For this test, recomputing Legal->isConsecutivePtr(%11) after createVectorizedLoopSkeleton yields a different output because SE is not able to detect a recurrence. These are the SCEVs computed for the problematic pointer before and after createVectorizedLoopSkeleton:
- Before (%11 in original IR): ({(8 + (4 * (zext i32 %.ph2 to i64)) + undef),+,4}<nsw><%6>). // SCEVAddRec
- After (%21 in modified IR): ((4 * (zext i32 (2 + %18) to i64))<nuw><nsw> + undef)<nsw> // No recurrence
In order to return a SCEVAddRec for the latter, SE would have to be able to represent %bc.resume.val and %bc.resume.val1 in terms of more basic components to conclude that %bc.resume.val1 is always %bc.resume.val + 1. Unfortunately, there is no way to represent a non-inductive phi operation in SCEV at this point.
Root Cause
Current LV code gen is based on the fragile assumption that analyzing the scalar remainder loop will yield the same information as analyzing the input scalar loop. Unfortunately, this test demonstrates that this is not always the case so we cannot blindly rely on that assumption.
Tentative Fix
Pointer strides are cached in Legal during the analysis of the input scalar loop (following the same approach as for uniform and scalar values). Legal->isConsecutivePtr now uses cached pointer strides instead of blindly recomputing the same information every time. Pointer strides are recomputed when runtime checks are added as a requirement for vectorization (PSE.addPredicate in LV).

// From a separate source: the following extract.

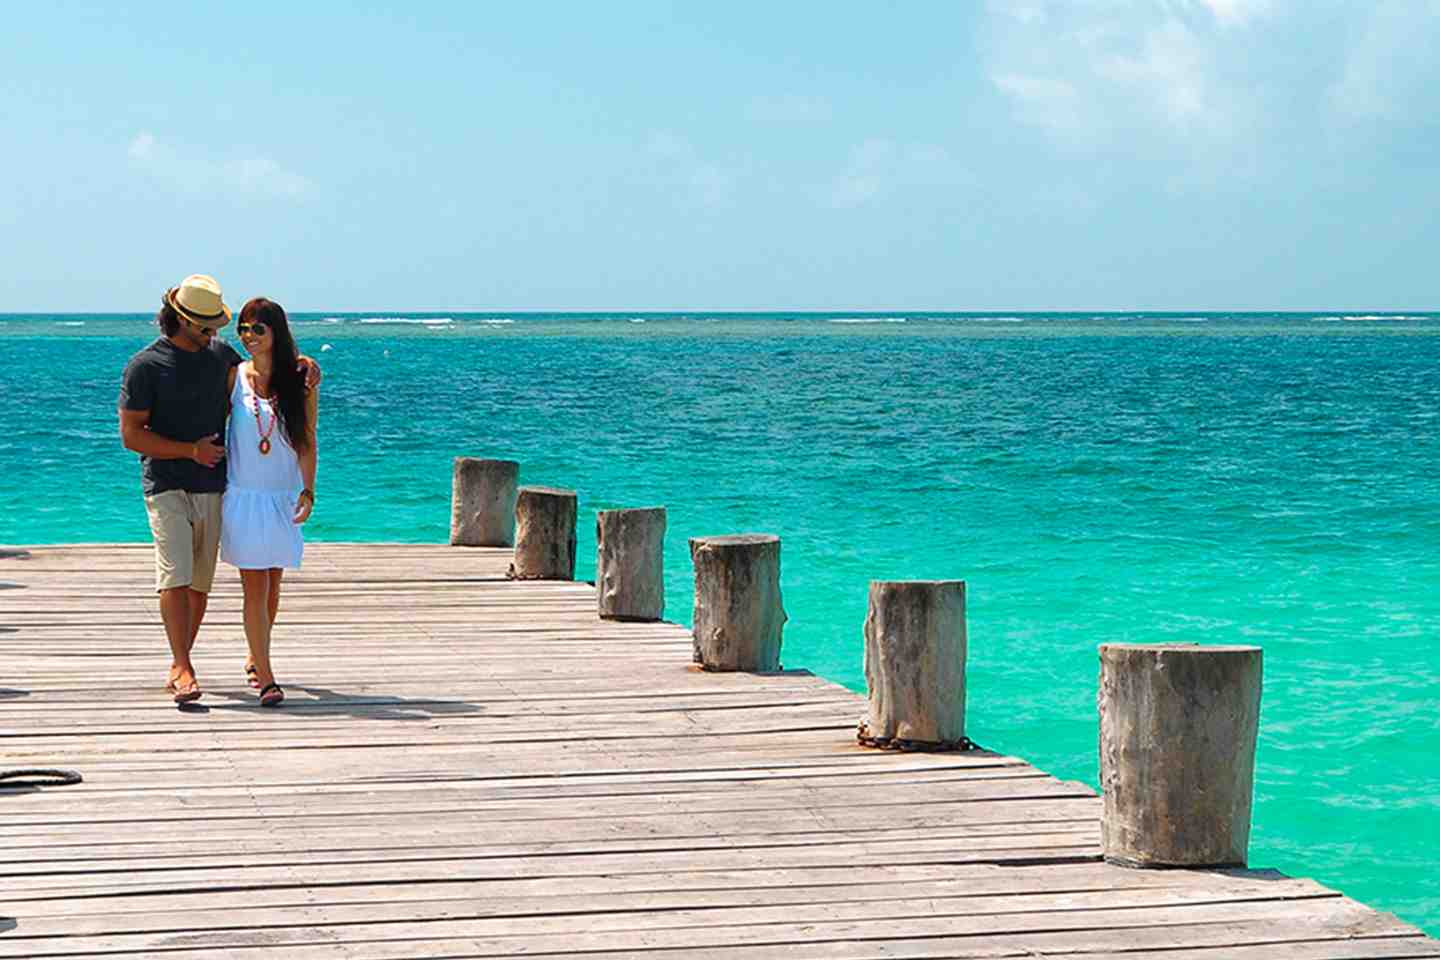 ¿Cuál es la forma más barata de viajar a Cancun?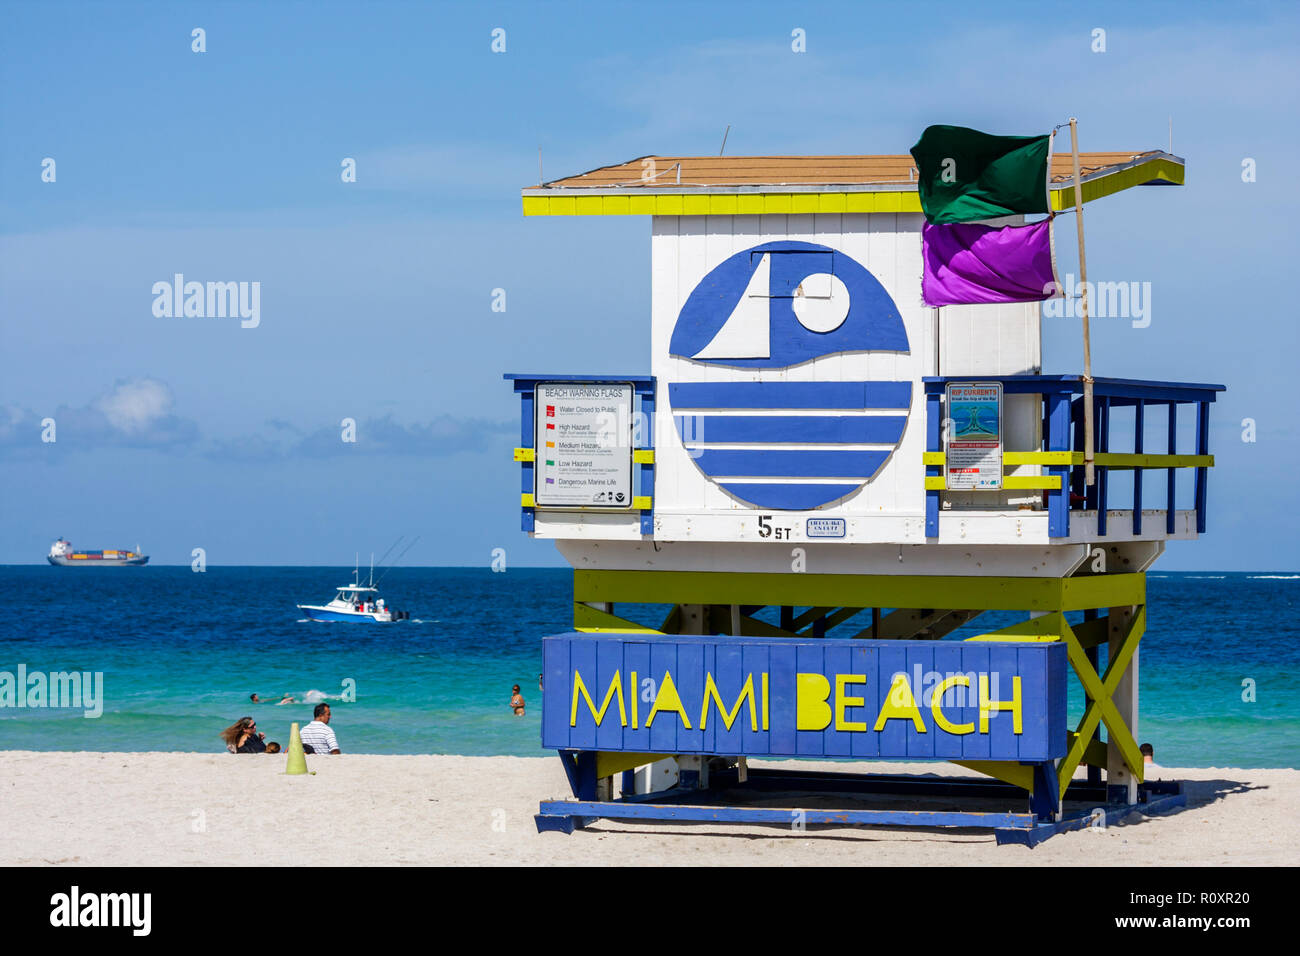 Miami Beach Florida, Atlantik, Wasser, öffentlicher Strand,  Rettungsschwimmer Stand, Station, Ufer, Sicherheit, Warnflagge, lila, grün,  gefährliche Unterwasserwelt, FL090607142 Stockfotografie - Alamy

Concern: LAI-> replaceSymbolicStrideSCEV may also add predicates to PSE. This routine is called when pointer strides are collected but is also called from other analysis-like routines in LAI (hasComputableBounds, isNoWrap, getPTrStride, etc.). If a new predicate that changes pointer strides is added after collecting them, those changes won’t be taken into account when using Legal->isConsecutivePtr. This scenario could be unlikely given that LAI-> replaceSymbolicStrideSCEV is also used when collecting pointer strides but we need to be sure. I would need some feedback from someone with experience in PSE/LAI.
Alternative/Complementary Solutions
- If Tentative Fix is not enough to deal with unexpected PSE->AddPredicate from LAI, we could revert changes in Legal->isConsecutivePtr() and collect Legal->isConsecutivePtr() output before going into LV code gen.
- Extend SE so that a SCEVAddRec can be generated for this test.